What Is the Cash Price of Trulicity in Mississippi in 2026?

The manufacturer list price for Trulicity in Mississippi is $931 per month in 2026, which equals roughly $223 per weekly pen. That figure has held steady from late 2024 because Eli Lilly has not announced a list-price reduction for dulaglutide matching the cuts it made to insulin products. Without insurance or a savings program, most Mississippi patients pay close to that amount at retail chains such as Walgreens, CVS, and Walmart pharmacies across Jackson, Gulfport, and Hattiesburg.

GoodRx and similar coupon platforms sometimes show lower cash prices, but the discount depends on the specific pharmacy location and pen strength. A GoodRx coupon for the 1.5 mg/0.5 mL four-pack has ranged from $820 to $930 at Mississippi ZIP codes in early 2026. Those prices still exceed what most patients can sustain long-term on a weekly injectable medication.

The clinical rationale for accepting that cost is real. Dulaglutide lowers HbA1c by approximately 1.4 percentage points at the 1.5 mg dose in patients with baseline HbA1c around 8.6%, based on the AWARD-1 trial [1]. The REWIND trial (N=9,901, median follow-up 5.4 years) demonstrated that dulaglutide 1.5 mg once weekly reduced the composite of major adverse cardiovascular events by 12% relative to placebo (HR 0.88; 95% CI 0.79, 0.99; P=0.026) in patients with type 2 diabetes who had or were at risk for cardiovascular disease [2]. That cardiovascular benefit matters for Mississippi, which has one of the highest age-adjusted cardiovascular mortality rates in the United States according to CDC data [3].

Cost remains the main barrier. A 2023 analysis published in JAMA found that out-of-pocket costs for GLP-1 receptor agonists caused 30% of commercially insured patients to abandon therapy within six months [4]. Mississippi's median household income ($52,985 per U.S. Census estimates) makes a $931 monthly drug bill especially difficult to absorb.

Does Mississippi Medicaid Cover Trulicity?

Mississippi Medicaid does not cover Trulicity (dulaglutide) for type 2 diabetes as of 2026. The Mississippi Division of Medicaid's preferred drug list places dulaglutide in a non-preferred or excluded tier, meaning standard prior authorization criteria for coverage are not met for most beneficiaries with type 2 diabetes alone [5].

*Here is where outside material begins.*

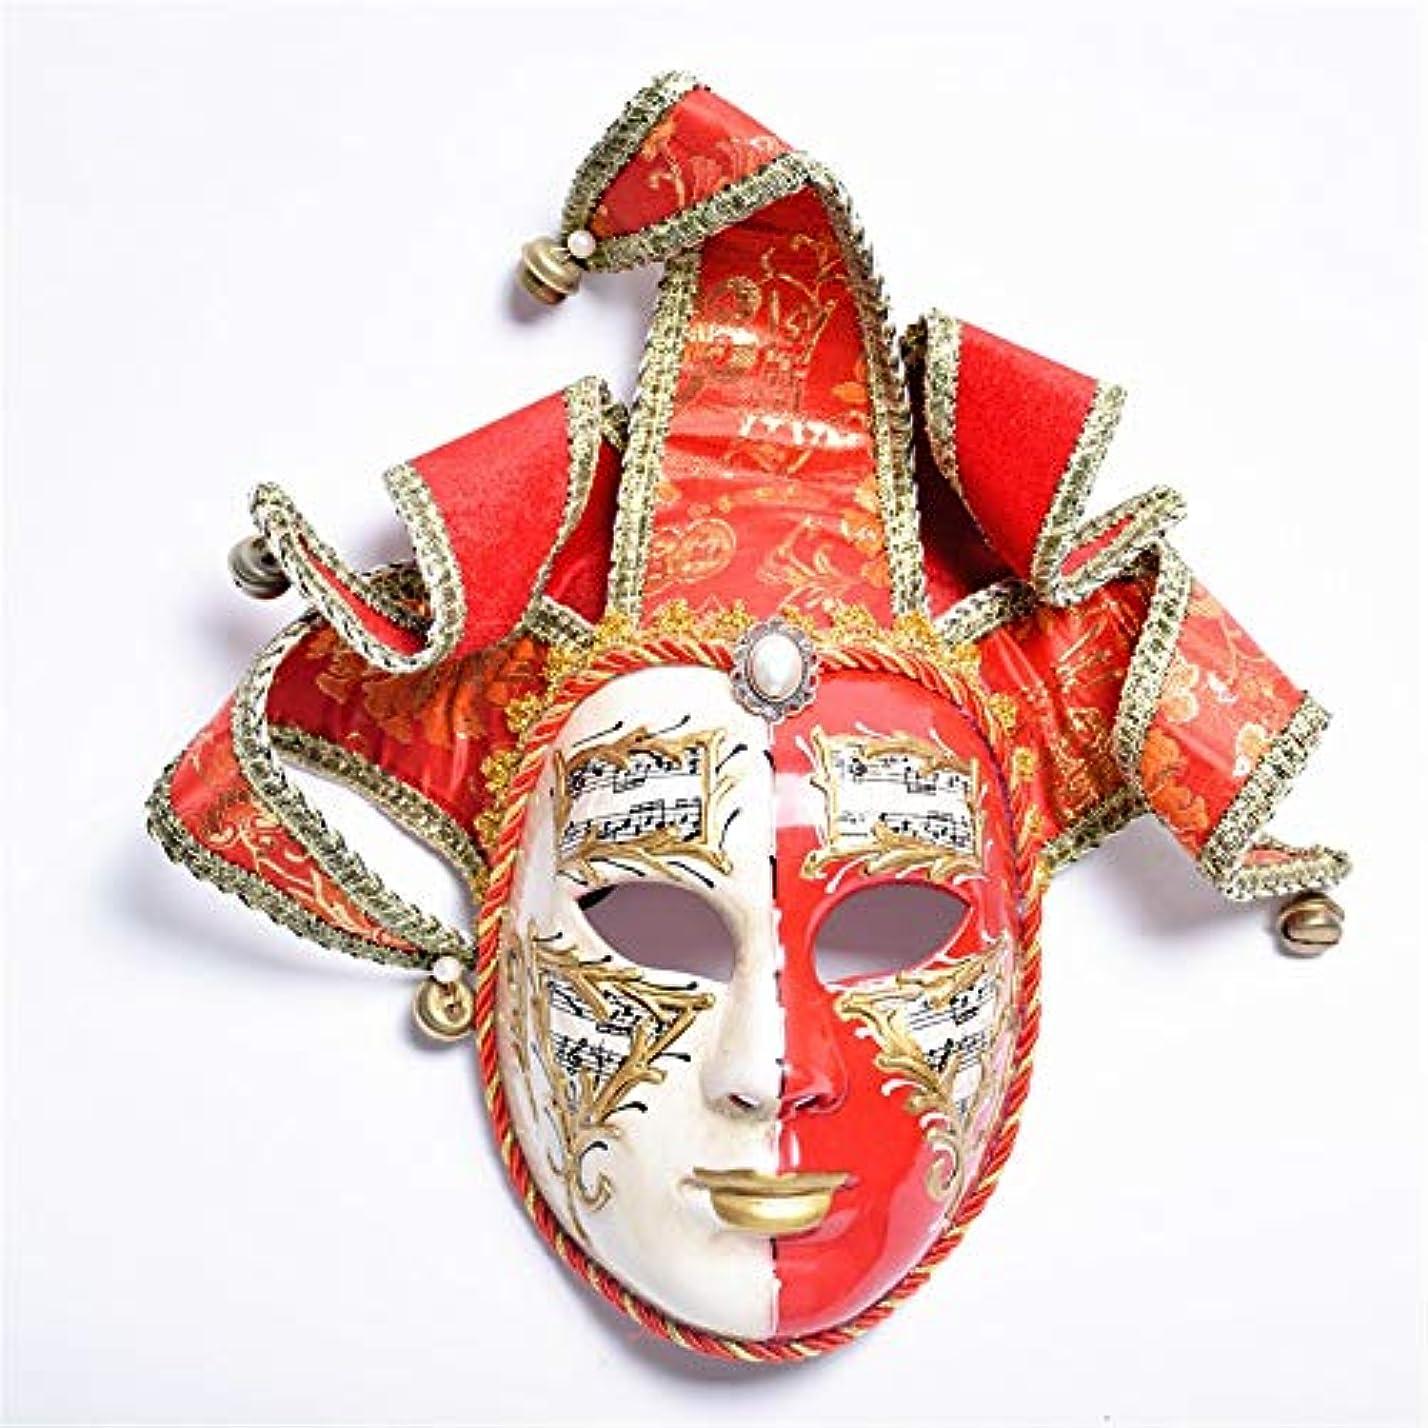 シプリーじゃがいも証明ダンスマスク レッドゴールドマスク女性仮装パーティーナイトクラブロールプレイング装飾プラスチックマスク ホリデーパーティー用品 (色 : Red+Gold, サイズ : 33x31cm)
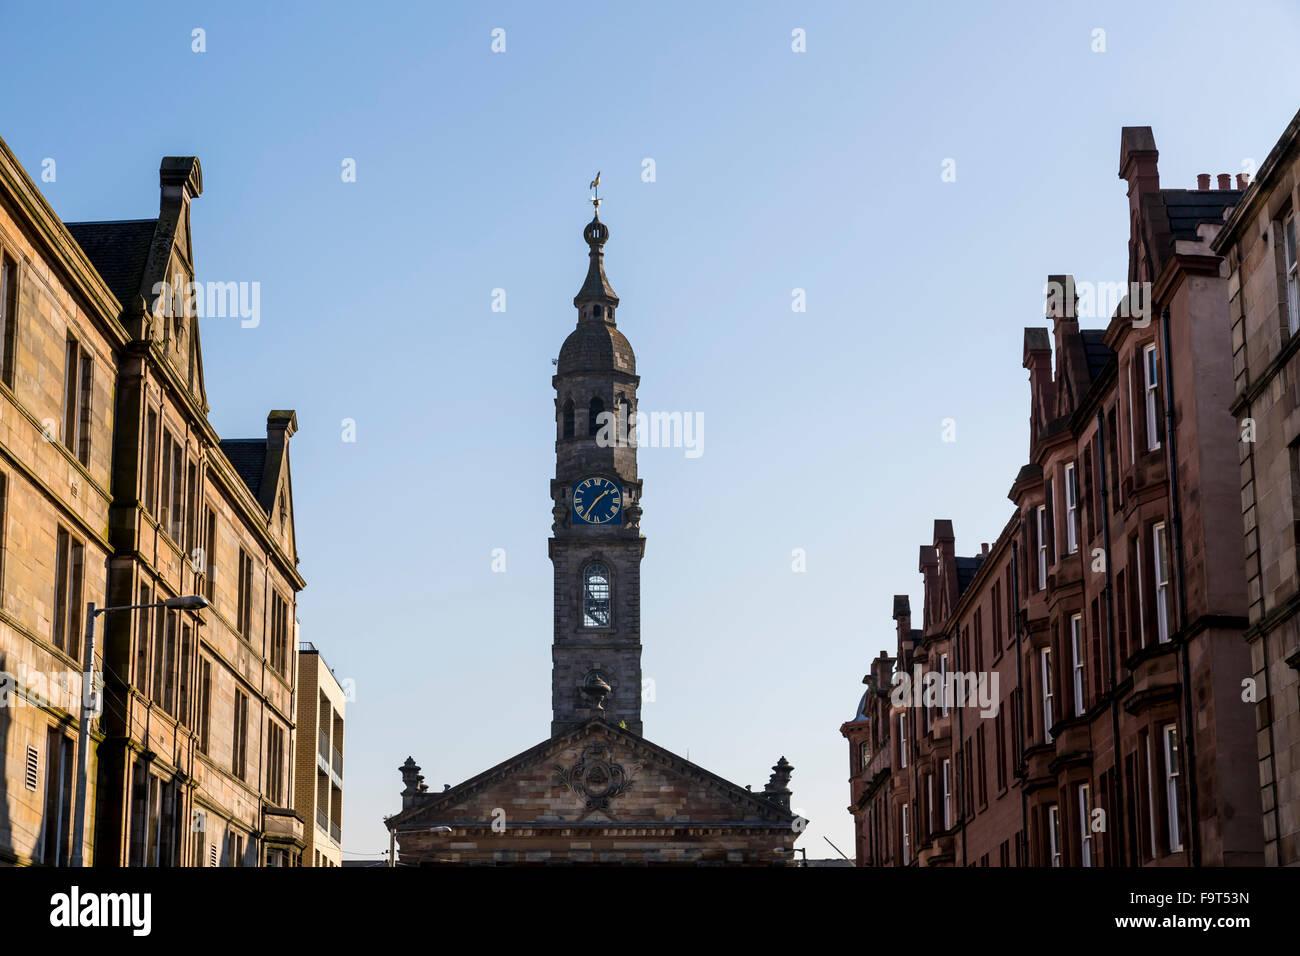 Clocher de St Andrews dans le Square church, Glasgow, Écosse, Royaume-Uni Banque D'Images

This is a significant gap. Mississippi has one of the highest rates of diagnosed diabetes in the country. The CDC's 2022 State Diabetes Statistics report shows that 13.8% of Mississippi adults have diagnosed diabetes, compared to a national average of 11.6% [3]. Yet the state Medicaid program restricts access to one of the most studied GLP-1 agents available.

Exceptions do exist. Some Mississippi Medicaid managed care plans may cover dulaglutide for specific indications, such as established atherosclerotic cardiovascular disease, if a provider submits a clinical exception request with documentation of medical necessity. The American Diabetes Association's 2024 Standards of Care state: "For patients with type 2 diabetes and established cardiovascular disease, a GLP-1 receptor agonist with proven cardiovascular benefit is recommended as part of the glucose-lowering regimen" [6]. Providers in Mississippi can cite that guideline language when filing a Medicaid exception request, though approval is not guaranteed.

Patients on Mississippi Medicaid who need a GLP-1 receptor agonist should ask their prescriber whether liraglutide (Victoza), which appears on some Medicaid preferred drug lists at lower cost, is clinically appropriate as an alternative.

Which Commercial Insurance Plans Cover Trulicity in Mississippi?

Most major commercial insurers operating in Mississippi place Trulicity on a specialty or non-preferred tier, requiring prior authorization and step therapy. Blue Cross Blue Shield of Mississippi, Humana, Aetna, and UnitedHealthcare plans available through the ACA marketplace and employer groups typically require documented failure of metformin and one additional oral agent before approving dulaglutide [7].

Step therapy protocols vary. Some plans require a trial of a preferred GLP-1 (often semaglutide or liraglutide) before dulaglutide. After prior authorization is approved, copays range from $50 to $200 per month depending on the specific plan tier and deductible status.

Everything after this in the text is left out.